_Raw data:_
*** Begin section ***
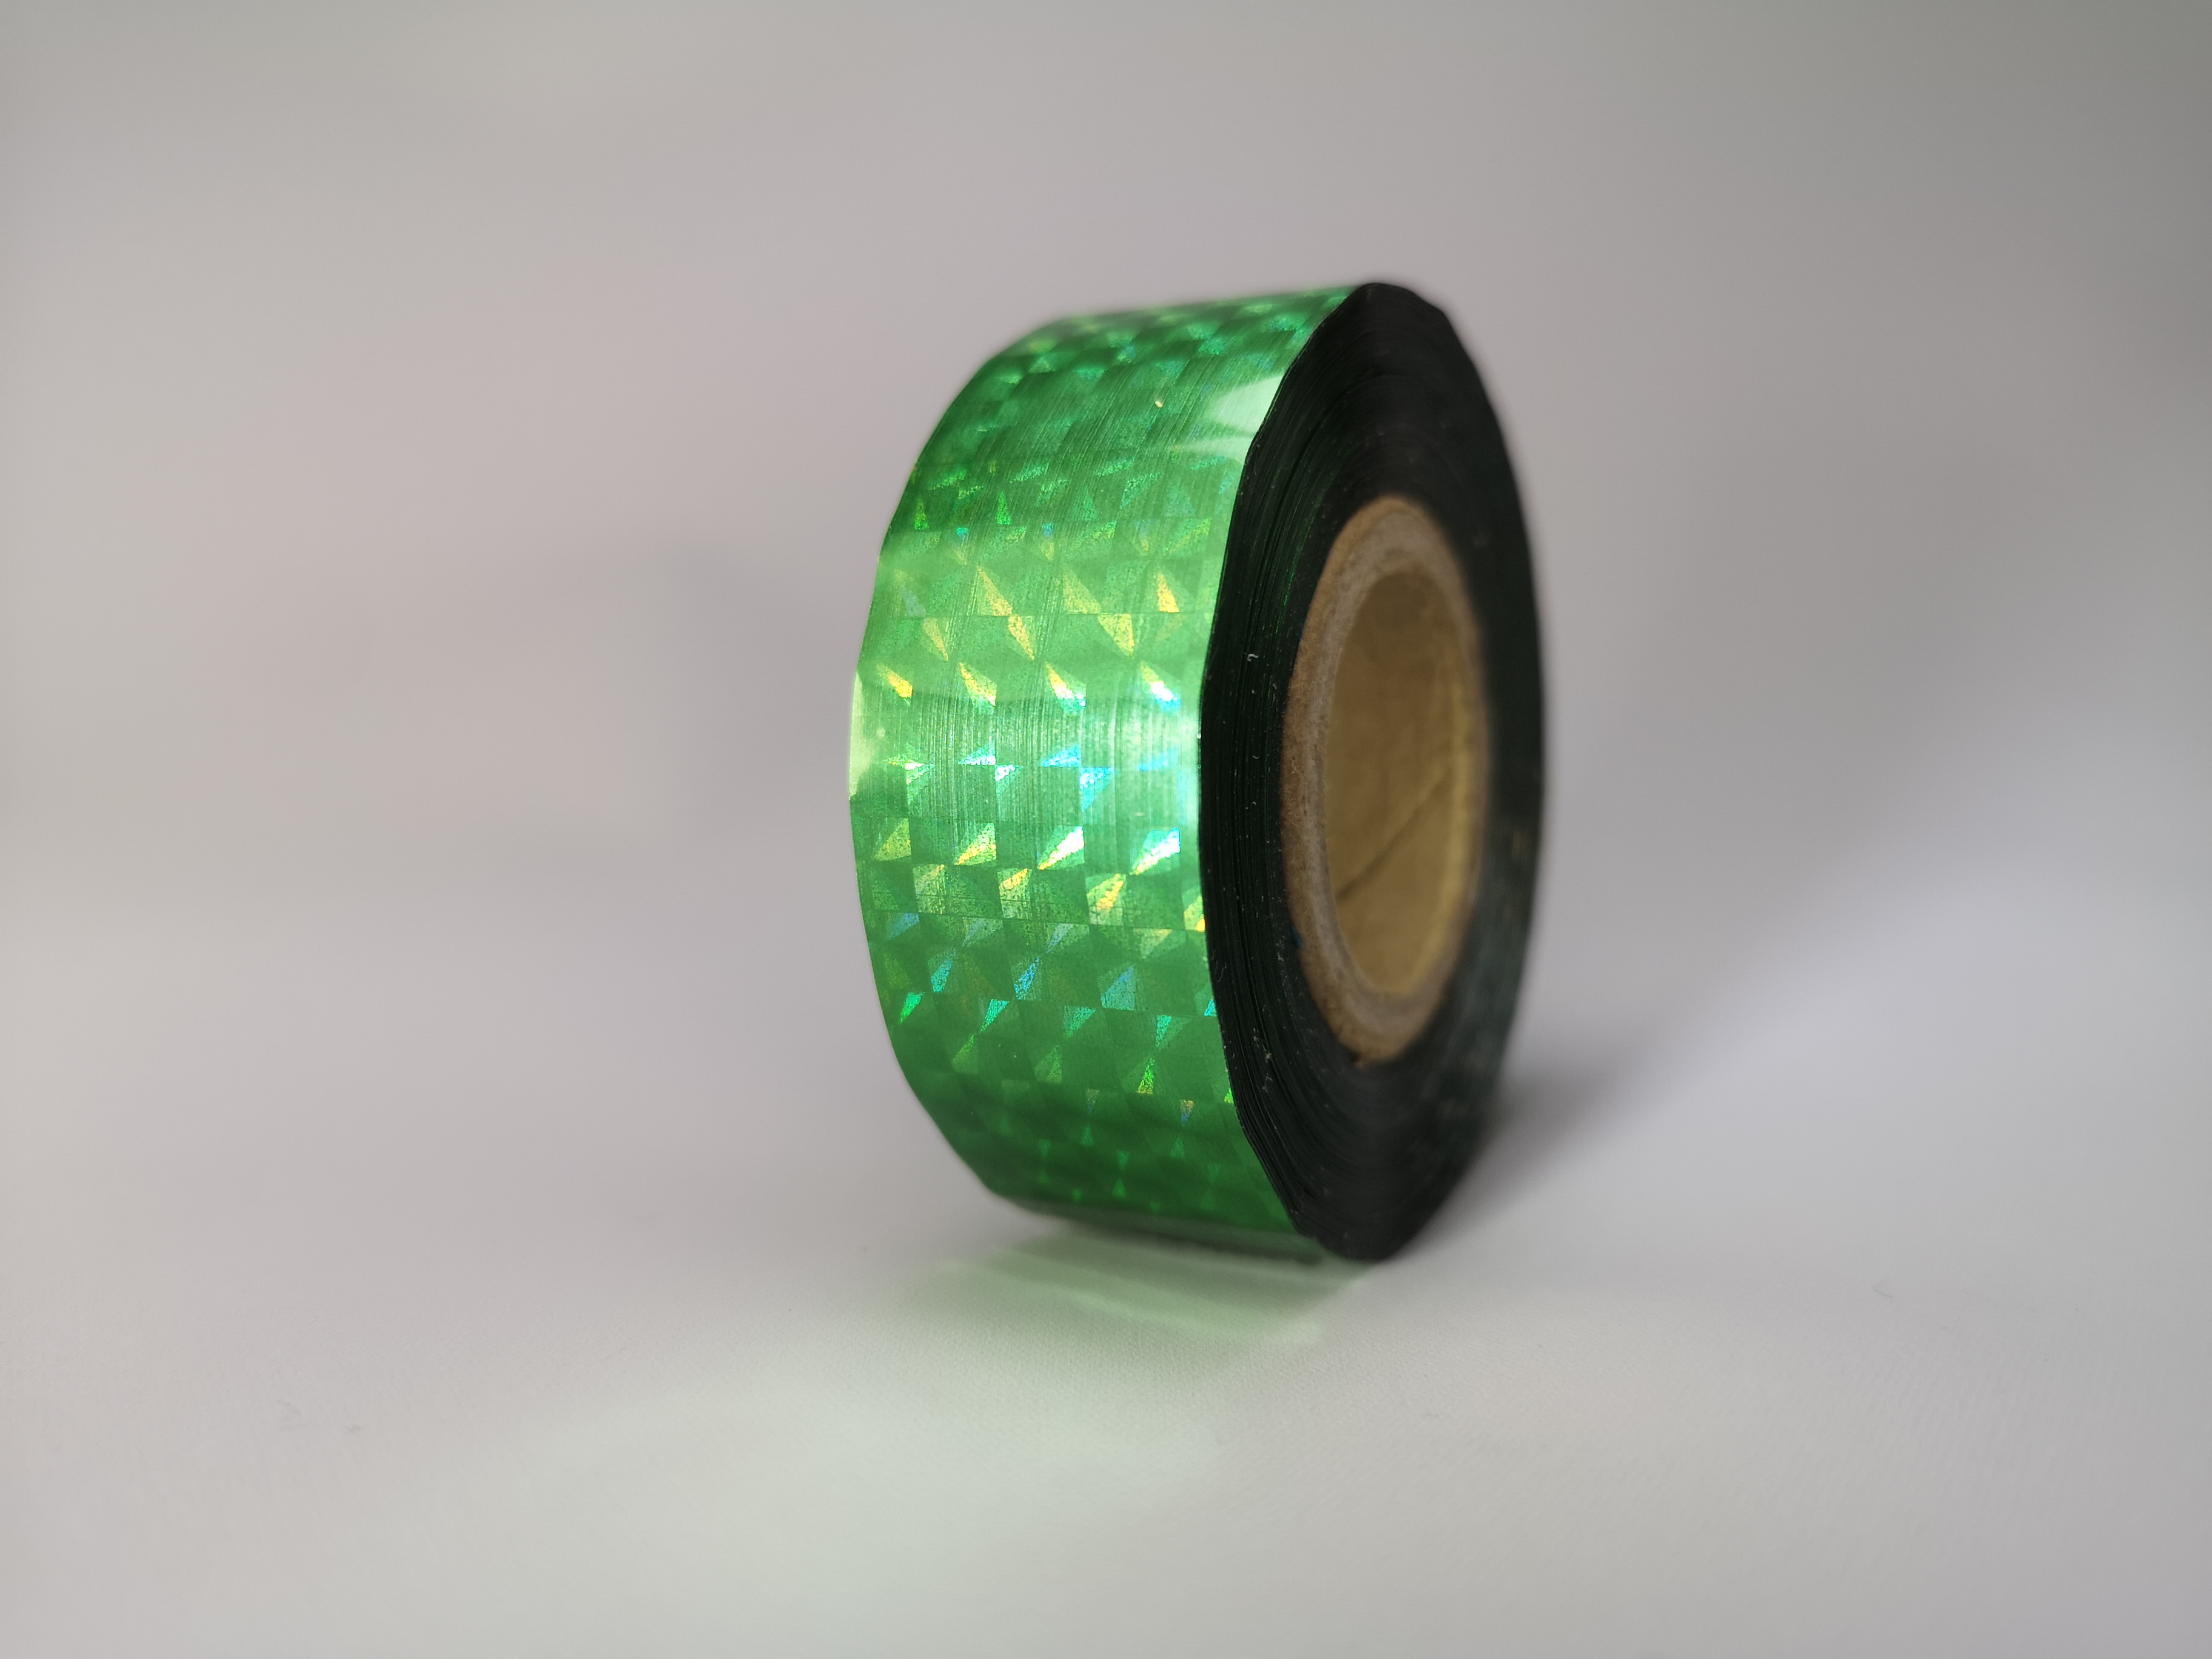 Holografic Prisma Green 25m Deco-Tape
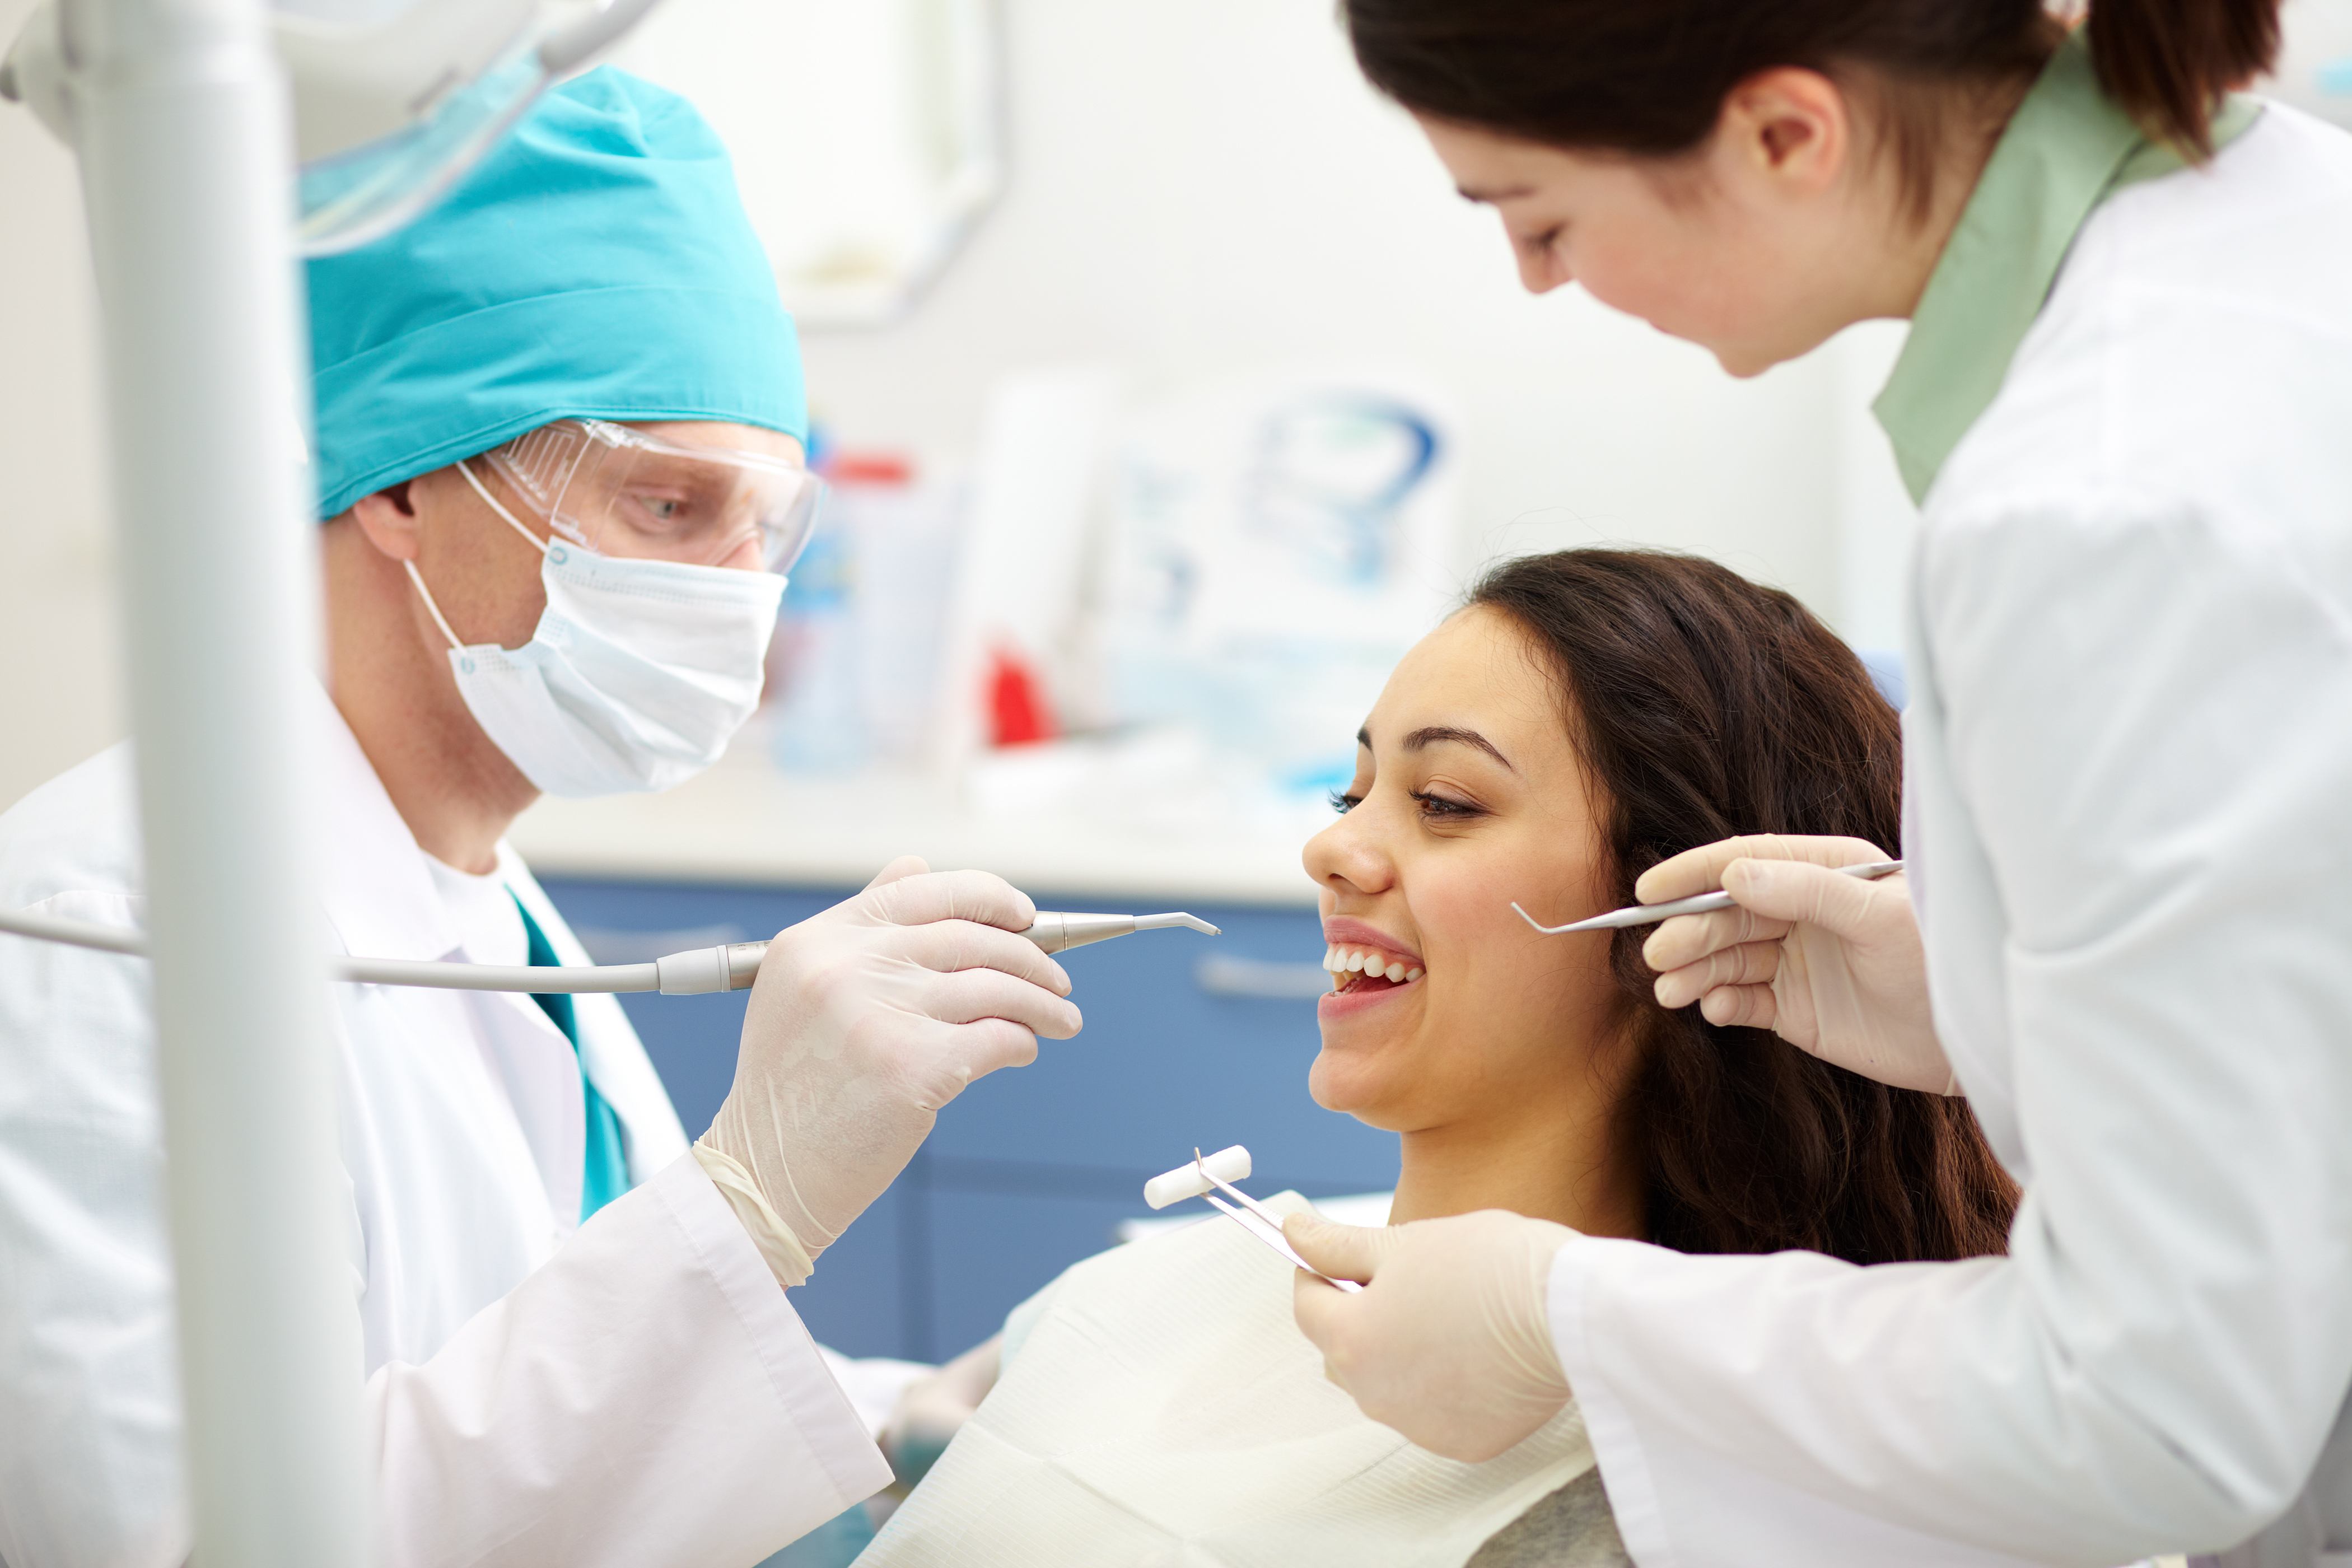 169-dentist-examining-patient-s-teeth.jpg
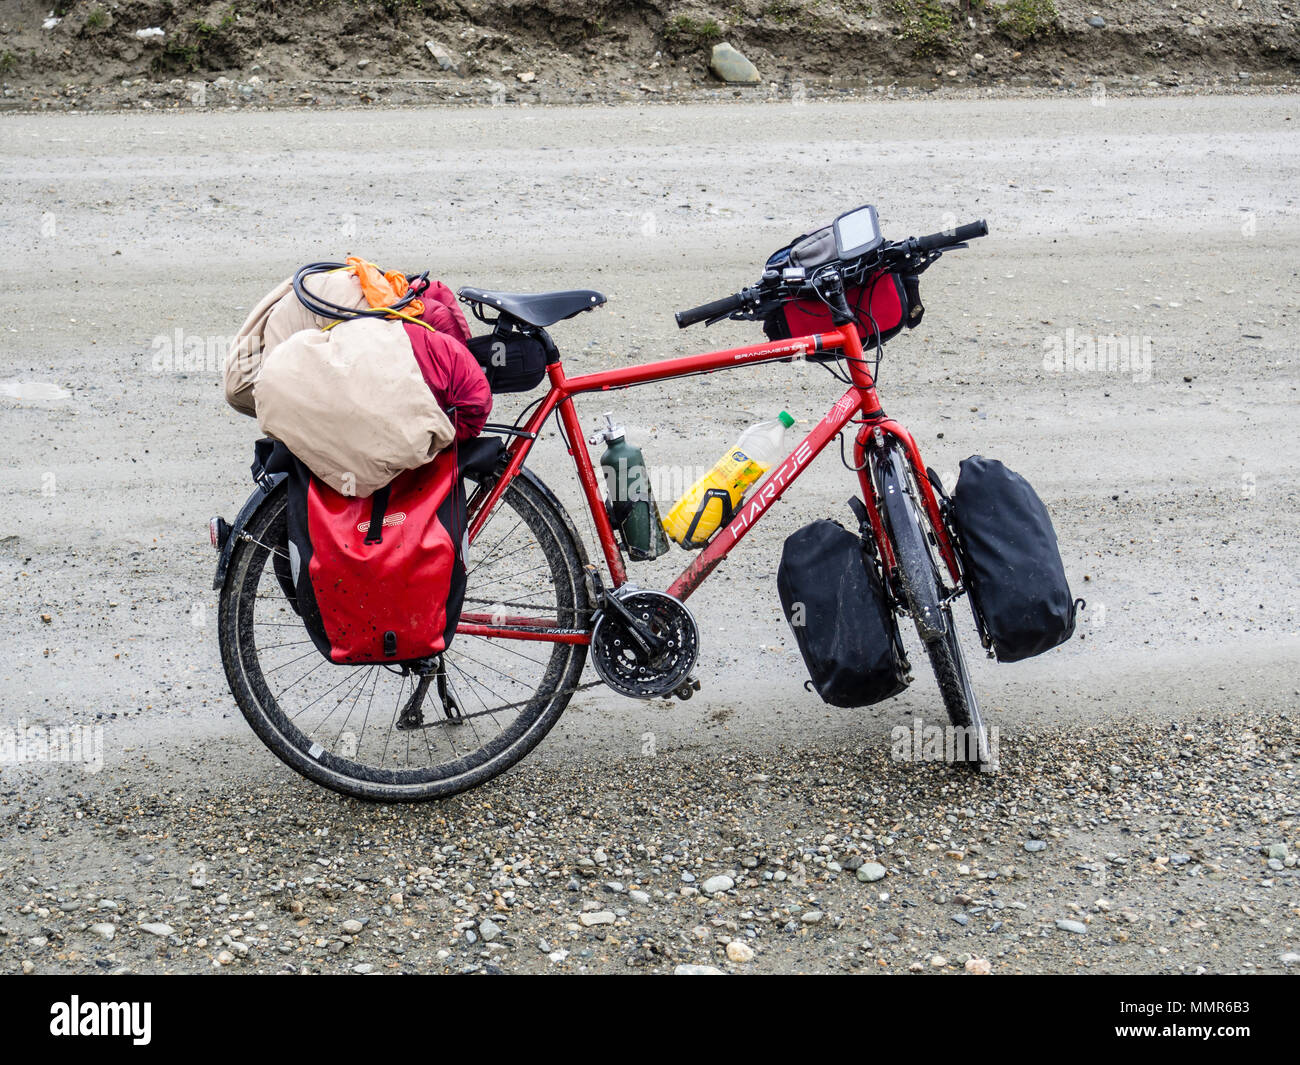 Vélo sur route près d'Ushuaia, montagnes couvertes de neige, gravier, Patagonie, Ushuaia, Argentine Banque D'Images
*** End section ***
_Exercise:_
An exact repetition of the listing is needed, with the pictures dropped.

_Task answer:_
 Holografic Prisma Green 25m Deco-Tape
 169-dentist-examining-patient-s-teeth.jpg
 Vélo sur route près d'Ushuaia, montagnes couvertes de neige, gravier, Patagonie, Ushuaia, Argentine Banque D'Images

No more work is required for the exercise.